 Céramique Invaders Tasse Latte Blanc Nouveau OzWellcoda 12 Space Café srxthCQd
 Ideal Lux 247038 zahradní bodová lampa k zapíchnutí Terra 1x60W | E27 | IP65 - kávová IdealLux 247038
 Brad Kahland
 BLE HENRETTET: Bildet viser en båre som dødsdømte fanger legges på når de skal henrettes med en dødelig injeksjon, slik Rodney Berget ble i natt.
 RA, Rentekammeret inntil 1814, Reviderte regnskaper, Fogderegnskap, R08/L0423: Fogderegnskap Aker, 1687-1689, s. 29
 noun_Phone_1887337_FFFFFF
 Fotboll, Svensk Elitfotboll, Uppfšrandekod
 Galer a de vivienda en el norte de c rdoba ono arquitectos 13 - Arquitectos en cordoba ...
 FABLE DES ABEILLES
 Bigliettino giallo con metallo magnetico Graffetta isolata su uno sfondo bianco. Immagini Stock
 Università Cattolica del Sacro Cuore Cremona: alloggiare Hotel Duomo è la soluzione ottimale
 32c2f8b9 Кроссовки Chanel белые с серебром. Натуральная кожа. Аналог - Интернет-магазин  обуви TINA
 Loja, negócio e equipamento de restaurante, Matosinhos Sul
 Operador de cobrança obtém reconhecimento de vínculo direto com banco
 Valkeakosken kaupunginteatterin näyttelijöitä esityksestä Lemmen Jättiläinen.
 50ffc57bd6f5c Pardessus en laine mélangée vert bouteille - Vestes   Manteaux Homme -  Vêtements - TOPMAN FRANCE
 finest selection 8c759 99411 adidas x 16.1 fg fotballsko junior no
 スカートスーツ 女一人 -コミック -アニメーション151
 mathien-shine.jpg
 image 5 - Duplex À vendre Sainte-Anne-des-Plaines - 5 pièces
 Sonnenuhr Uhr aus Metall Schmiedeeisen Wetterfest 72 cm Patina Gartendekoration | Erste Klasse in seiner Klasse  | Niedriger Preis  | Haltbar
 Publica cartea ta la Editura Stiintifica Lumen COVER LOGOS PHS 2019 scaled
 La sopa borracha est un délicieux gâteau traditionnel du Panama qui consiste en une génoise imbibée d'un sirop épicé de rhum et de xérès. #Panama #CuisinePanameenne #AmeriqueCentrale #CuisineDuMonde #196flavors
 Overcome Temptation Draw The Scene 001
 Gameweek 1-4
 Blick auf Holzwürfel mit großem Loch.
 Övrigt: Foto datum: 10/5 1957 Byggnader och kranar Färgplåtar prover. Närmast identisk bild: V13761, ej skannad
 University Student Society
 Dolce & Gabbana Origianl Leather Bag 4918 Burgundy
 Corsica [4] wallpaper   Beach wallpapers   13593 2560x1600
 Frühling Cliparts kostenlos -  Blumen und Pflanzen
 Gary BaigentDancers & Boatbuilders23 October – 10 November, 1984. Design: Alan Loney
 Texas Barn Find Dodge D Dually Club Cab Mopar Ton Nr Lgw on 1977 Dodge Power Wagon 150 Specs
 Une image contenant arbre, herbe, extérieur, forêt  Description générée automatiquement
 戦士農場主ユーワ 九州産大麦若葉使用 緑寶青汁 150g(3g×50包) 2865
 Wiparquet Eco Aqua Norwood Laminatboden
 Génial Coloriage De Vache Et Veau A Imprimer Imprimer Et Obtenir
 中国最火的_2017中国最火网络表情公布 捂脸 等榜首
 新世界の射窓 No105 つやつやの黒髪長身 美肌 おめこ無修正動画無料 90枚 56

++++++++++++++++++++

Work to complete: Exact copies of the lines from the start of the data up to the line holding "32c2f8b9 Кроссовки Chanel", both included, are all that is needed.

Response box:
 Céramique Invaders Tasse Latte Blanc Nouveau OzWellcoda 12 Space Café srxthCQd
 Ideal Lux 247038 zahradní bodová lampa k zapíchnutí Terra 1x60W | E27 | IP65 - kávová IdealLux 247038
 Brad Kahland
 BLE HENRETTET: Bildet viser en båre som dødsdømte fanger legges på når de skal henrettes med en dødelig injeksjon, slik Rodney Berget ble i natt.
 RA, Rentekammeret inntil 1814, Reviderte regnskaper, Fogderegnskap, R08/L0423: Fogderegnskap Aker, 1687-1689, s. 29
 noun_Phone_1887337_FFFFFF
 Fotboll, Svensk Elitfotboll, Uppfšrandekod
 Galer a de vivienda en el norte de c rdoba ono arquitectos 13 - Arquitectos en cordoba ...
 FABLE DES ABEILLES
 Bigliettino giallo con metallo magnetico Graffetta isolata su uno sfondo bianco. Immagini Stock
 Università Cattolica del Sacro Cuore Cremona: alloggiare Hotel Duomo è la soluzione ottimale
 32c2f8b9 Кроссовки Chanel белые с серебром. Натуральная кожа. Аналог - Интернет-магазин  обуви TINA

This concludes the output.